Beatrix Hertel runzelt die Stirn. „Sie hören sich an wie eine Frau“, sagt
sie, „mit einer schrillen Frauenstimme.“
Gräbel lacht. „Keine Sorge, bald klinge ich wieder wie ein Mann. Das Gehirn
muss sich erst an die neuen Geräusche gewöhnen.“ In ein paar Wochen muss
Beatrix wiederkommen, zur erneuten Anpassung.
Als Hertel aus der Klinik tritt, dreht sie ihren Kopf nach rechts. „Was ist
das?“ Ein Brunnen plätschert. Beatrix konzentriert sich, reißt die Augen
auf, während sie die Straßen entlanggeht.
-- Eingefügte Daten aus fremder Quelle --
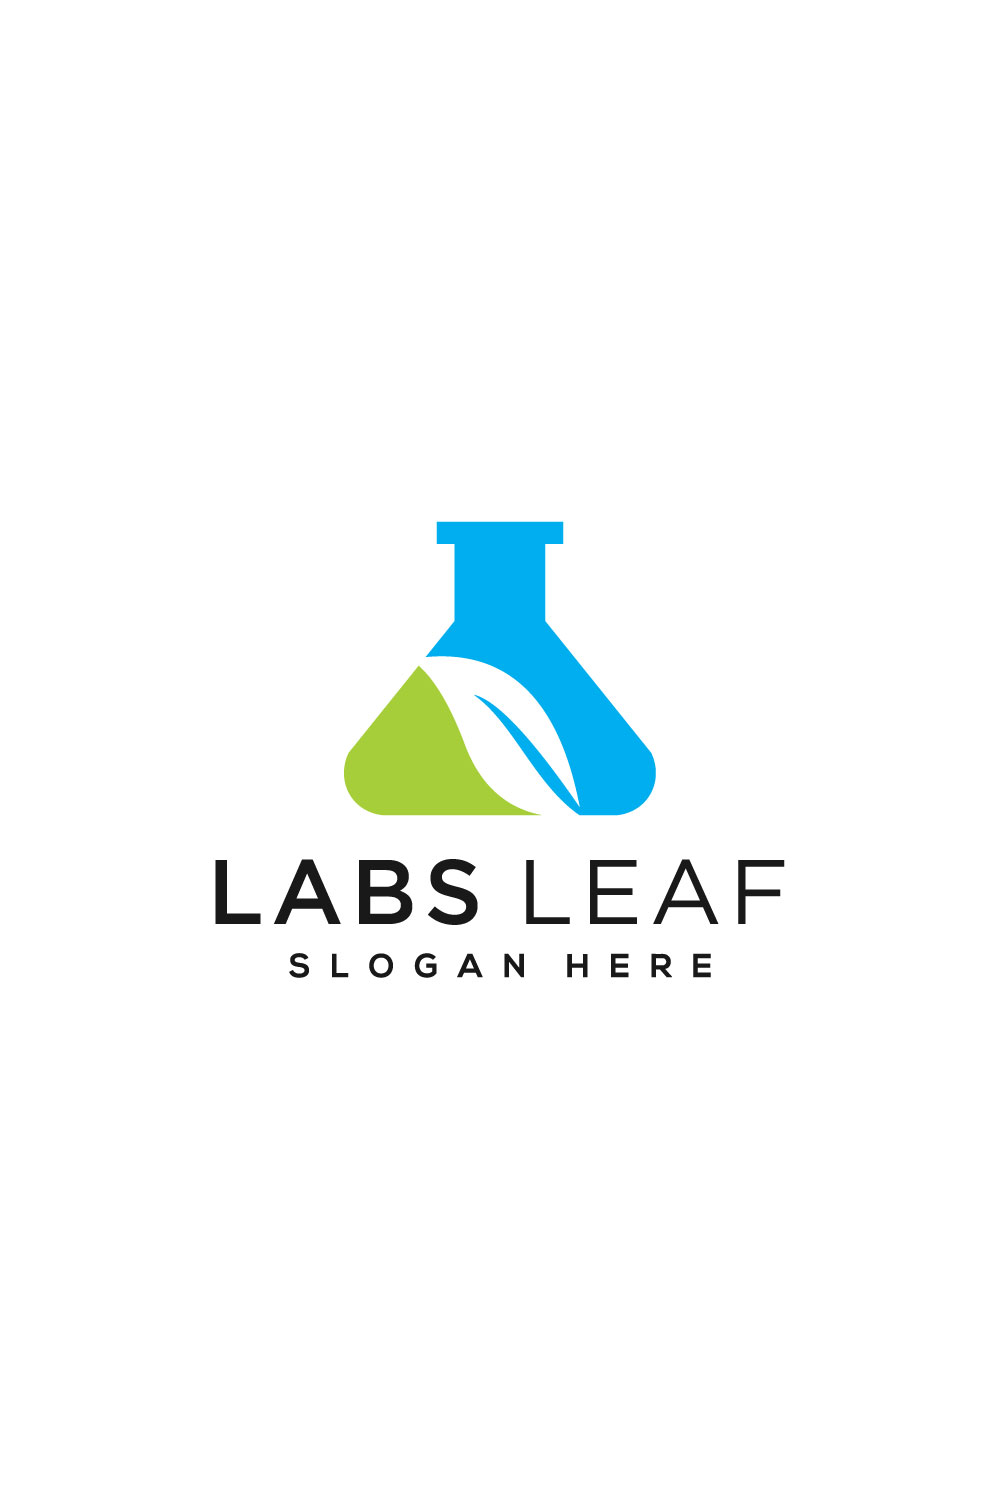 Tube Lab and Leaf Logo Vector Design - Pinterest.

Schemenhaft fasert sich die
Geräuschdecke auseinander: die Vögel, die Autos, ein Radfahrer bremst
quietschend. „Es ist anstrengend, alles ist so ungewohnt laut." Dabei ist
das Implantat noch leise eingestellt, sie muss sich langsam daran gewöhnen.
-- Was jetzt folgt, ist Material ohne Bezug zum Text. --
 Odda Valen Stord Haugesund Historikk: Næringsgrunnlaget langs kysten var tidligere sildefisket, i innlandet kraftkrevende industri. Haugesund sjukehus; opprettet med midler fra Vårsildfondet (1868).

Ein halbes Jahr nach der Operation versteht Hertel bereits Geräusche ab 30
Dezibel, beim Hörtest erkennt sie die Hälfte der einsilbigen Worte – mit
ihren Hörgeräten hatte sie kein einziges verstanden. Auf einem Firmenfest
merkte sie, wie sie zum ersten Mal richtig mit ihren hörenden Kollegen
feiern konnte. Der Raum hallte, alle redeten durcheinander – noch vor einem
Jahr sei das ein Albtraum für sie gewesen.
Doch das Implantat allein genügt nicht. Beatrix muss wieder hören lernen.
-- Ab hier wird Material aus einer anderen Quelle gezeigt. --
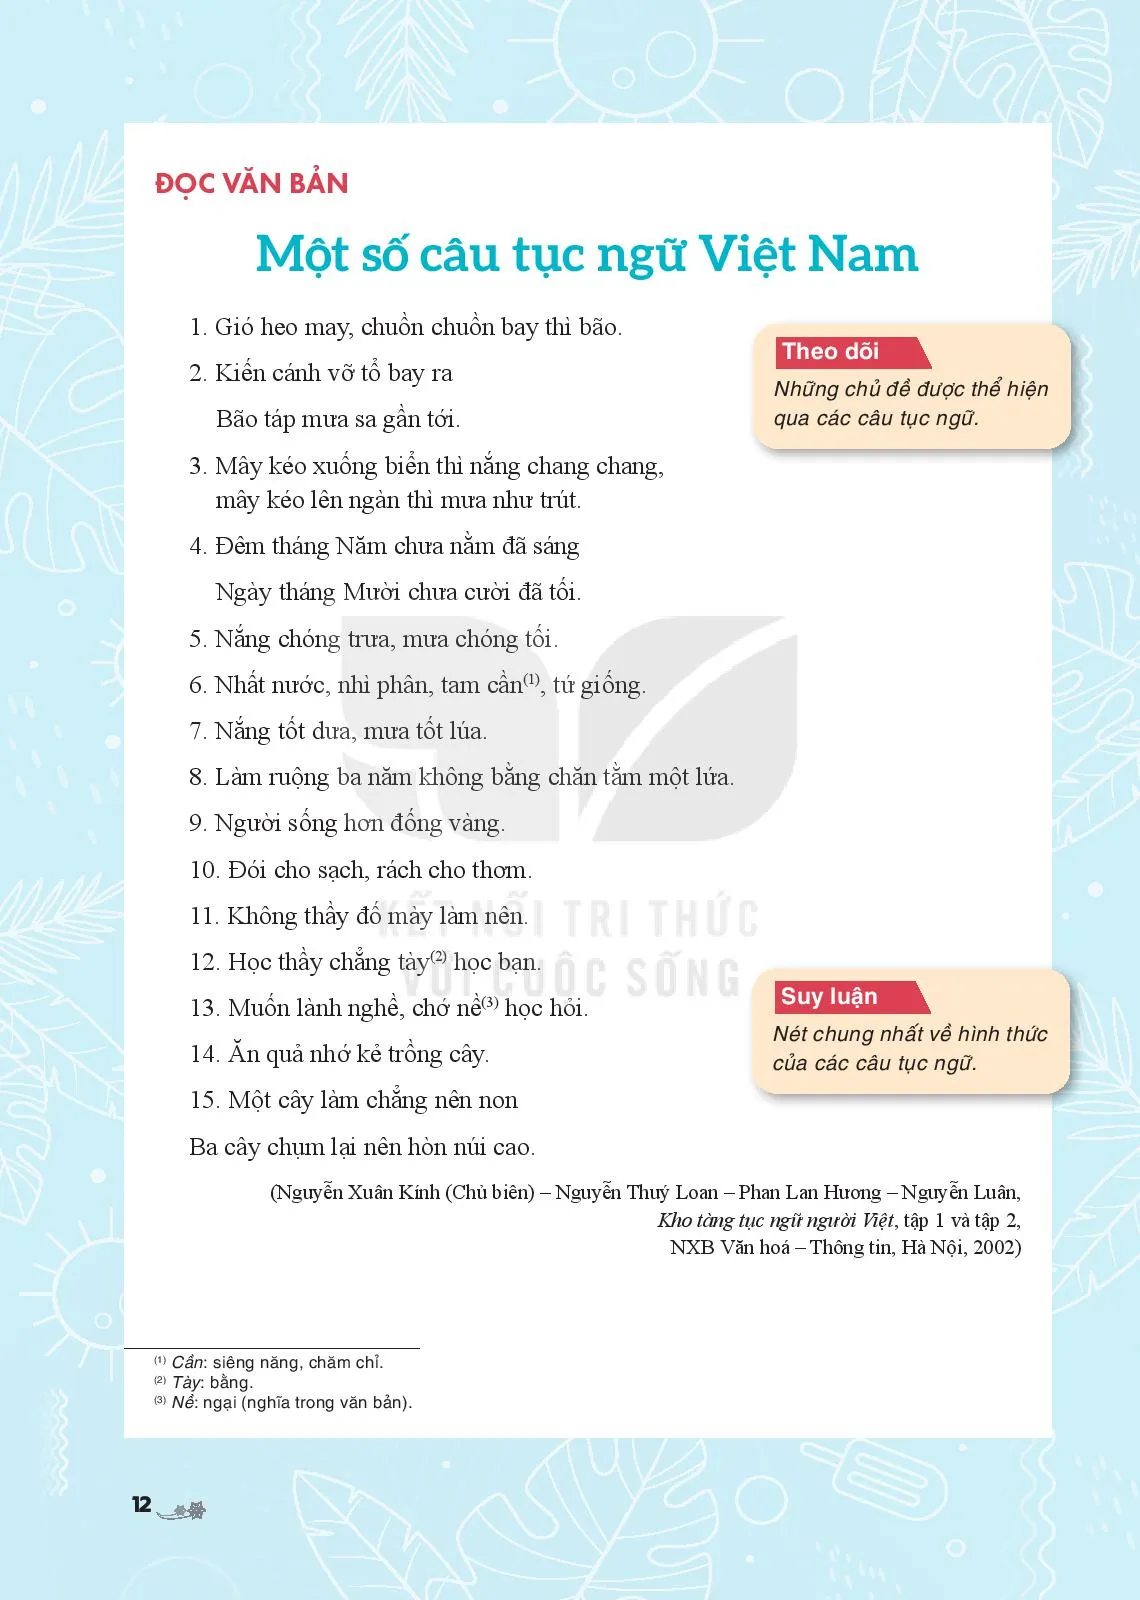 Một số câu tục ngữ Việt Nam

Mit der Logopädin entdeckt sie unbekannte Geräusche, lernt Satzfetzen zu
deuten, ohne Lippen zu lesen. Beatrix übt mit Kinderbuchkassetten, aus
Stimmenwirrwarr einzelne Wörter zu verstehen – was sich als schwierig
herausstellt.
„Aber ich bin ehrgeizig, ich will so gut wie möglich hören und reden“, sa…
sie. Auch wenn Hören sogar unangenehm sein kann. Früher musste ihre
Freundin ab und zu Fernsehsendungen für sie in Gebärdensprache übersetzen.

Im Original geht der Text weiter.